Cover image of "Focus," a book about mindfulness

Daniel Goleman returned to Berkeley not long ago to speak to a large and enthusiastic audience at International House about the themes in his new book, Focus. Though he’d spent only his junior year as an undergraduate at Cal, his quips and asides quickly showed him to be fully in synch with Berkeley’s humane values. Though he never stated the point explicitly, it was also clear that Goleman saw the roots of the community’s concerns in the chemistry of our brains.

You may remember Goleman as the author of the huge 1995 bestseller, Emotional Intelligence, which taught us all that psychological factors other than IQ were better predictors of success on the job and in life. Goleman was trained as a psychologist but soon after his post-doctoral studies turned his hand to science journalism, writing about new developments in brain science and related topics for The New York Times for a dozen years and later turning to writing independently. Over the years, he has shifted back and forth from teaching and research to science writing and back again. To date, he has produced ten books. Focus is the most recent.


Focus: The Hidden Driver of Excellence by Daniel Goleman ★★★☆☆


I vividly recall devouring Emotional Intelligence much as I would a compelling murder mystery. The book was a revelation. Focus falls far short of it. To begin with, the book’s central theme — that focused attention improves outcomes in daily life, in work, in sports, and in leadership — is no surprise at all. Many others have delivered this message over the millennia, from the yoga masters of India to Mihály Csíkszentmihályi, who introduced us to the concept of “flow” —  the single-minded immersion that, like Goleman’s focus, enables peak performance. No doubt, Goleman’s new book updates the brain science underlying these concepts, but his repeated overuse of the anatomical labels for obscure regions of the brain would have been better suited for a professional audience rather than the general reader.

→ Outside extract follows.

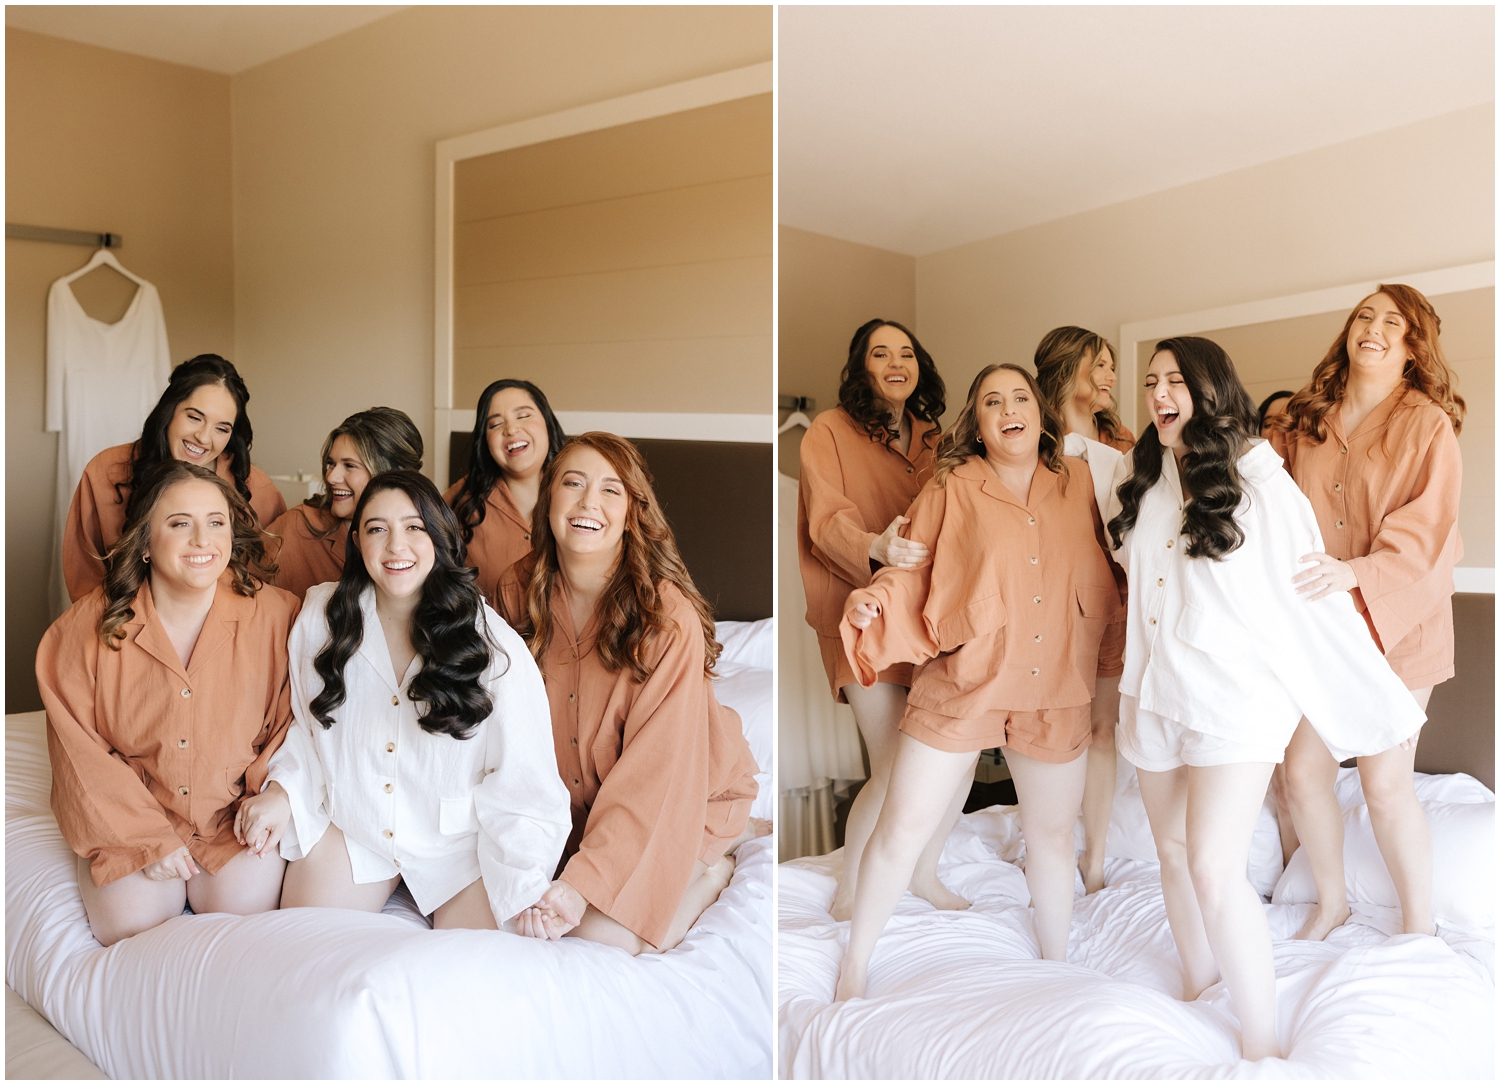 Bride and her friends jump on the bed on her wedding day in Tampa, FL

The author’s academic posturing aside, I found Focus fascinating when Goleman described the application of contemporary psychological tools to pre-school and primary education. (Parents with children in school today may find this subject all too familiar; I didn’t.) The extraordinary improvement in school performance brought about by exercises in mindfulness was startling news. And the application of similar training methods in various aspects of emotional intelligence yielded similarly impressive results in the workplace, boosting job performance, job satisfaction, and workforce morale. Clearly, there’s something truly significant going on here. I just wish Goleman had found a way to report it in a more accessible and congenial way.